An article published in the IMF’s F&D magazine and shared on the IMF’s Facebook page claims that “an overly generous wage may prompt employers to cut jobs”.

“It is disheartening to see that the IMF continues to ignore a large body of evidence on the benefits of minimum wages, for working people and the economy as a whole. If the IMF is serious about addressing inequality, it should abandon policy advice and loan conditions that have failed to generate economic growth. The economic evidence they claim is simply not there. Also absent is an acknowledgement that IMF interventions including attacks on minimum wages have deepened economic and social crises, not alleviated them,” said Sharan Burrow, ITUC General Secretary.

The article “Does a Minimum Wage Help Workers?”, billed by the IMF as a “Back to Basics explainer”, is based on selective evidence that highlights the bias of the authors. The article recognises that most empirical studies find a positive or at most a very small negative relationship between minimum wages and employment levels. Despite that admission, the IMF economists base their recommendations on the assumption that higher minimum wages reduce employment levels. This ignores the larger body of evidence which shows the positive effects of minimum wages on productivity, employment, reduced informality and overall economic growth.

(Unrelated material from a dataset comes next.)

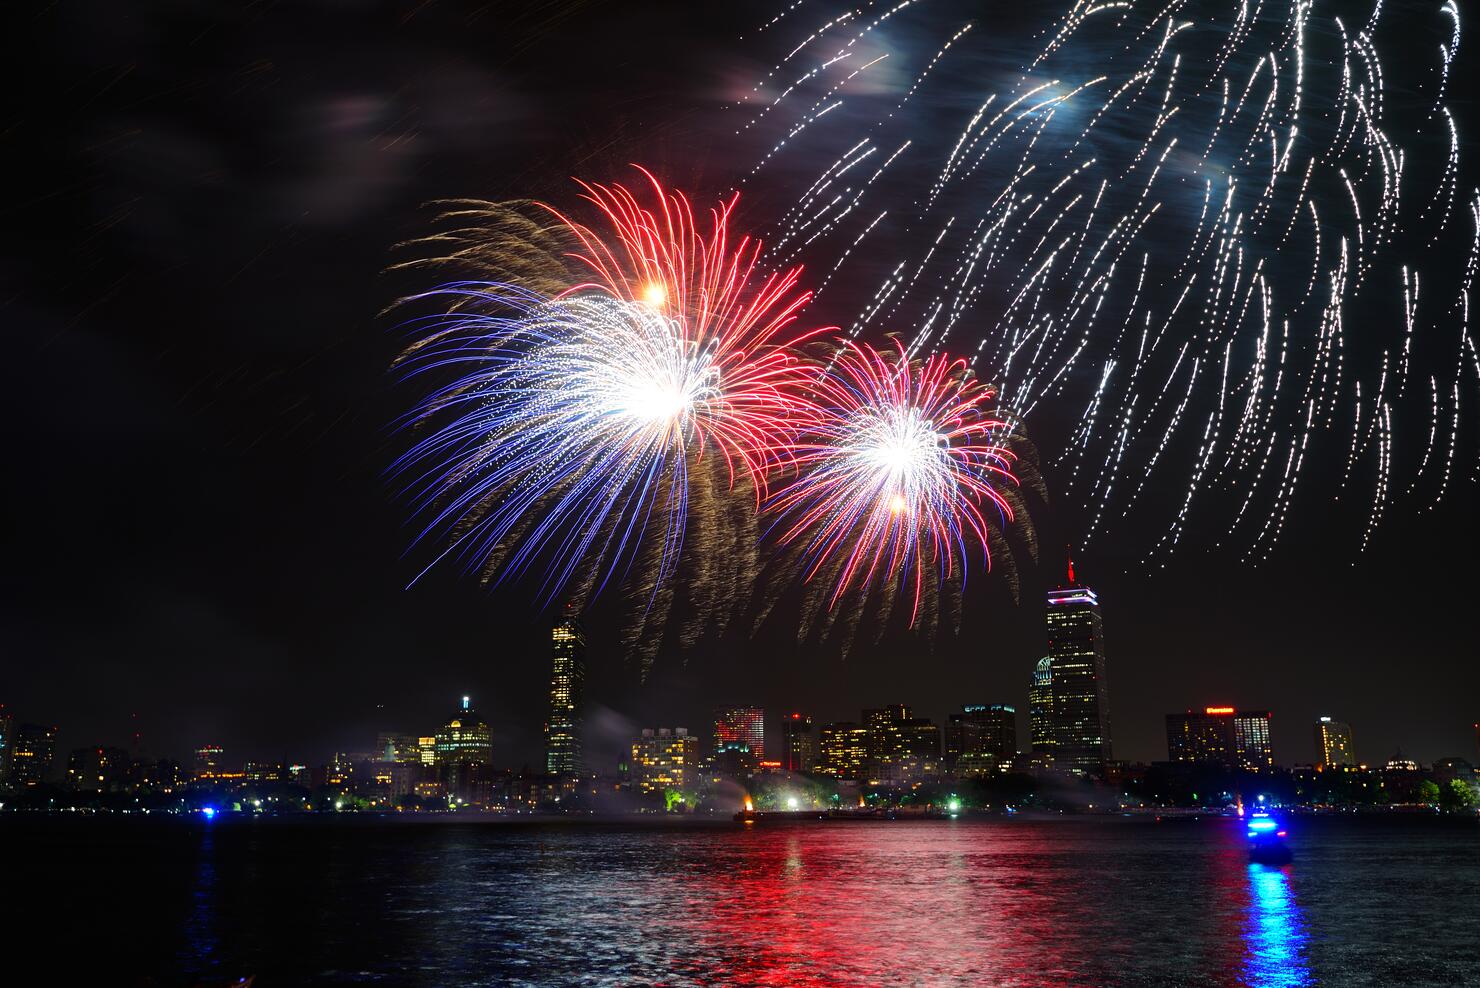 Boston Pops Fireworks Spectacular

The IMF has regularly provided policy advice and lending conditionalities calling for a restriction in the level of the minimum wage. Recent examples include Lithuania, Colombia, Greece, Bolivia and Ecuador. Such policies have had devastating impacts on workers’ livelihoods and have contributed to increased poverty and inequality. Such measures have also been economically counterproductive – leading to deficits in aggregate demand and contributing to prolonged economic crises.

In policy advice and the recent article, IMF staff have promoted the assignment of minimum wage setting to “independent experts”. These suggestions run contrary to international labour standards including the Minimum Wage Fixing Convention of the ILO (C131), which calls for the involvement of social partners and the consideration of the needs of working families. The suggestion to end participatory procedures for fixing minimum wages is undemocratic and would result in decision-making that is separated from the realities facing workers.

“Workers are struggling to get by on the wages they earn. The ITUC Global Poll shows 59% of people in work are only just managing, struggling to make ends meet or not managing at all. Adequate minimum wages are key to assuring shared prosperity, economic growth and a just and secure world. They should first and foremost be based on the cost-of-living evidence, and they should be developed with the involvement of unions and employers within transparent, tripartite processes,” said Burrow.

The ITUC has written to IMF Managing Director Christine Lagarde outlining concerns over IMF policies on minimum wages ahead of the IMF Spring Meetings.